# Which Kit????



## silver93sentra (Nov 23, 2005)

I want to get a kit from a site I found...www.versusmotorsports.com. They have some kits for Sentra's that I have NEVER seen!! Just reply and tell me which kit you think I should get.









BATTLE









BIG M









SKYLINE









DRIFT

Thanks for the help!!! :fluffy: :fluffy: :fluffy:


----------



## af200sx/se-r (Dec 26, 2004)

I personally don't car for any of them.
Best looking fronts for b14s are:
Stillen lip 
Erebuni
Drift kit is ok


----------



## b14sleeper (Dec 31, 2004)

since you have a b13, i would go with the skyline kit


----------



## RB26DETT (Dec 12, 2005)

I;d say either Big M or the Drift


----------



## Dustin (Dec 14, 2003)

i'd go with the r33 kit, but modify it a little, shave and fill some stuff.


----------



## b14sleeper (Dec 31, 2004)

make sure that you purchase your kit from vis racing if you do go with the r33. vis is the only company with the removeable lip, and if you dont have it, consider it permanently removed when you go over a speed bump or drive way.


----------



## Dustin (Dec 14, 2003)

wait, are these for the b13 or b14? because some look like they could go on the b13, and others dont, particularly the skyline kit, might want to make sure its the right kit for your car.


----------



## MrFurious (Oct 30, 2005)

I would pick the first one (battle).


----------



## Dustin (Dec 14, 2003)

MrFurious said:


> I would pick the first one (battle).


why? it's like a cheap blitz kit knockoff.. and it would destroy the lines of the car, atleast go with something simple, and the only reason i'd go with the r33 kit would be because it resembles the sunny bumper, and you can shave and fill it to look cleaner.


----------



## silver93sentra (Nov 23, 2005)

The car is a B13 Sentra. I have seen many B13's with the Big M and Drift...and I was thinking about getting either the battle or the skyline...so I will have something different. I have NEVER seend a sentra with the skyline kit...I just don't know which side skirts and rear bumpers to use with that kit...any suggestions?


----------



## b14sleeper (Dec 31, 2004)

if you go with the skyline front, go with some subtle sides, i dont really know any, how about the stock se-r? and for the rear, either go with a stillen, or a 1994 civic buddy club rear bumper, will take some work.. but i think it is one of the cleanest bumpers ever
not a 94, but you get the idea


----------



## silver93sentra (Nov 23, 2005)

I was thinking of Stillen Sides...but I wasn't sure about the rear end...I want something bolt on cause I will be doing all of the work myself or with the help of my dad and brother. The rear bumper on the civic looks about like a Feelz rear bumper (the one off the Big M kit), and I may go with that...I just have to decide.


----------



## lopezsentra (Jul 18, 2005)

skyline and whats the site for vis where they sell the kits at?


----------



## silver93sentra (Nov 23, 2005)

lopezsentra said:


> skyline and whats the site for vis where they sell the kits at?

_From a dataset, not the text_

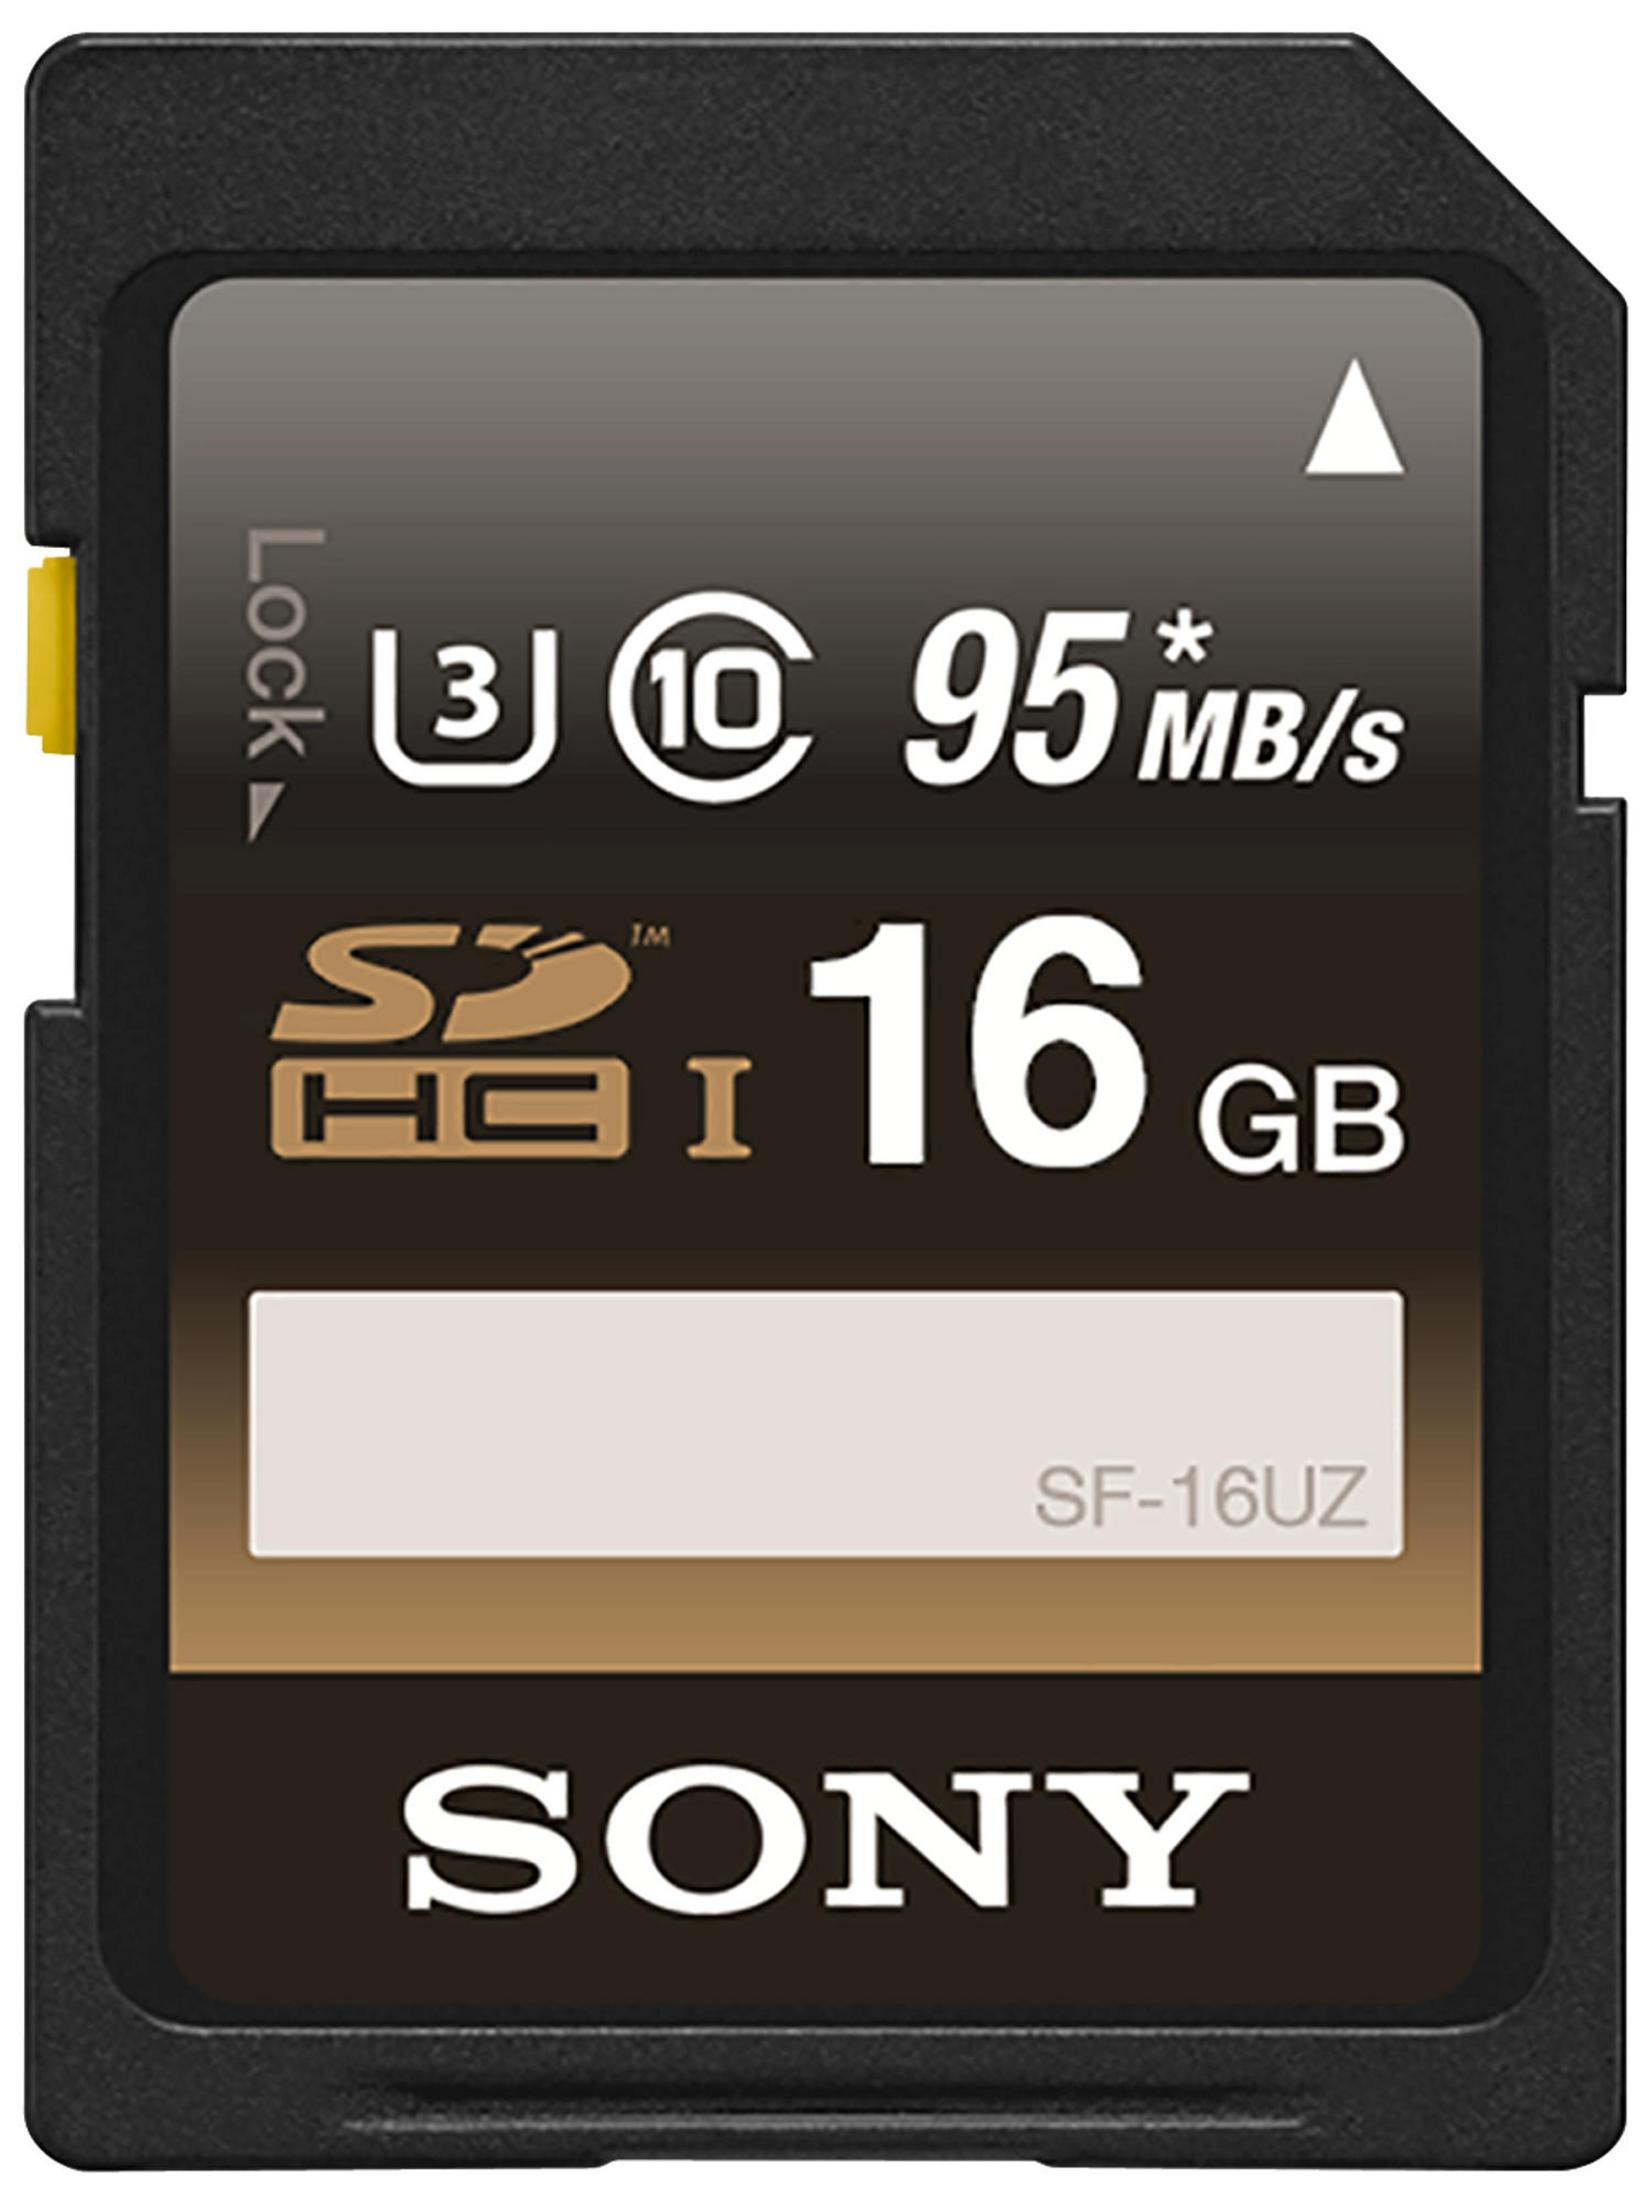 SD 95 UZ, SONY Speicherkarte, 16 GB, Mbit/s 16 SF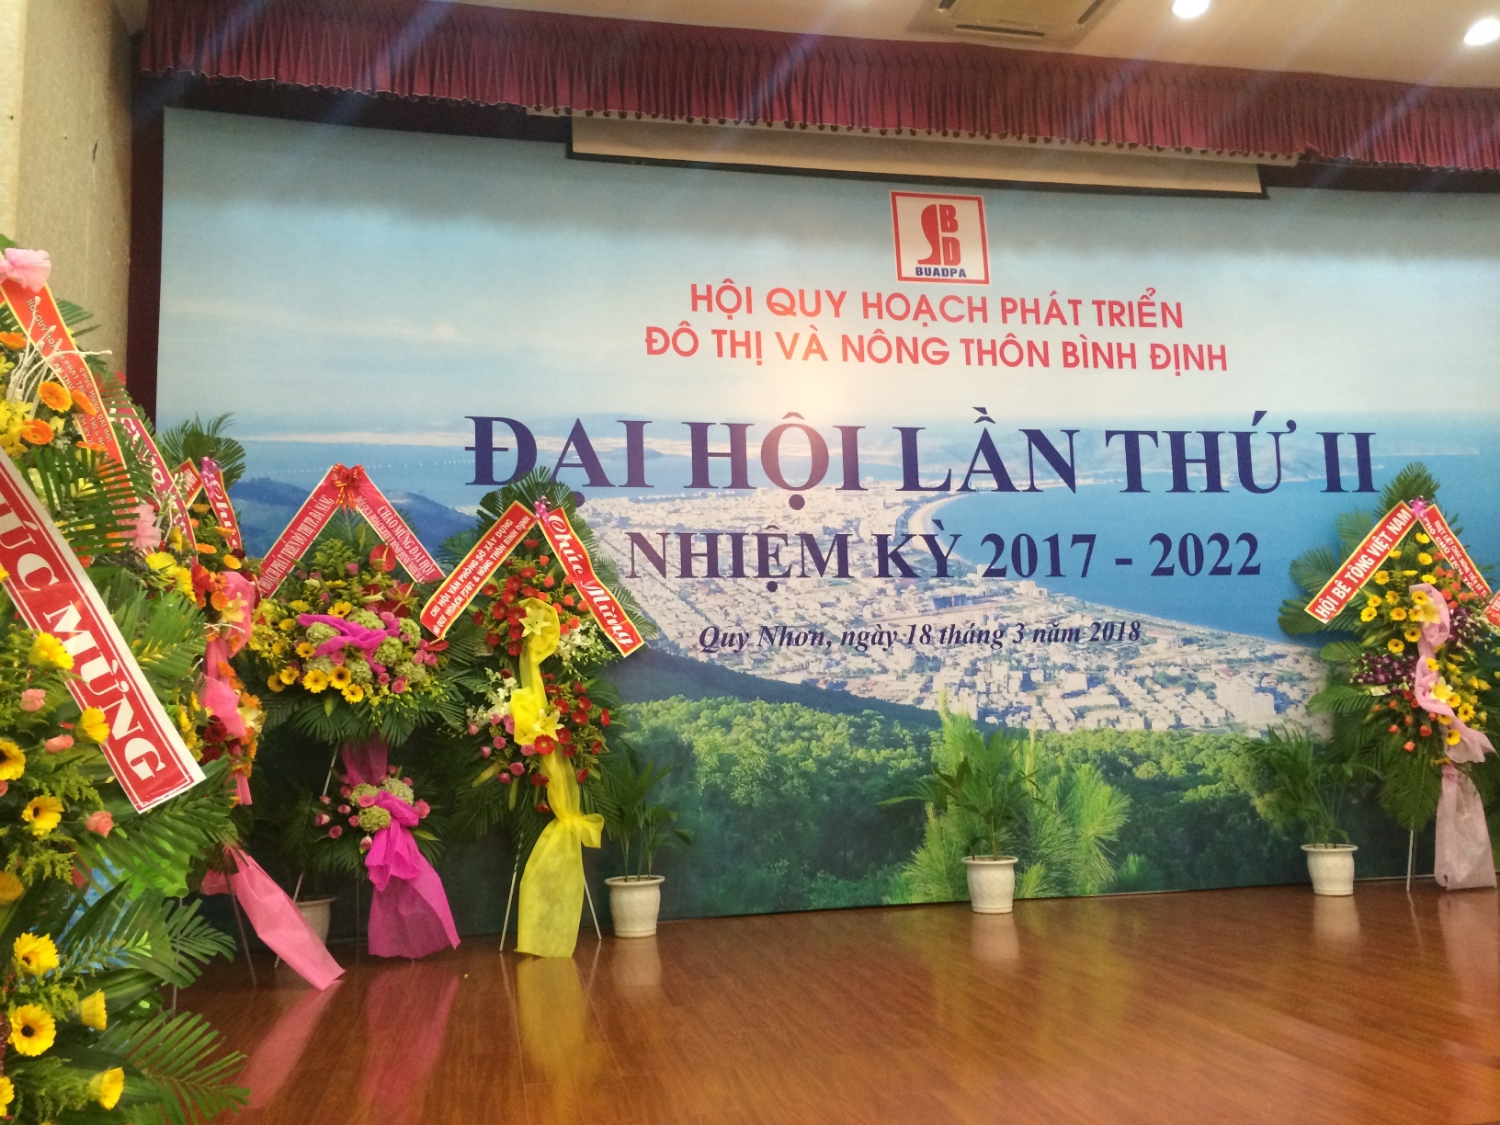 Đại hội Hội Quy hoạch phát triển đô thị và nông thôn Bình Định

The site is www.versusmotorsport.com for the skyline front end, but I also found a place called www.asylumms.com that has the whole kit(looked like a Skyline front, drift rear, and Xenon skirts to me). Liuspeed also said that they were gonna start carrying it in a few weeks.


----------



## nismo jimmy (Dec 16, 2005)

id say skyline or drift


----------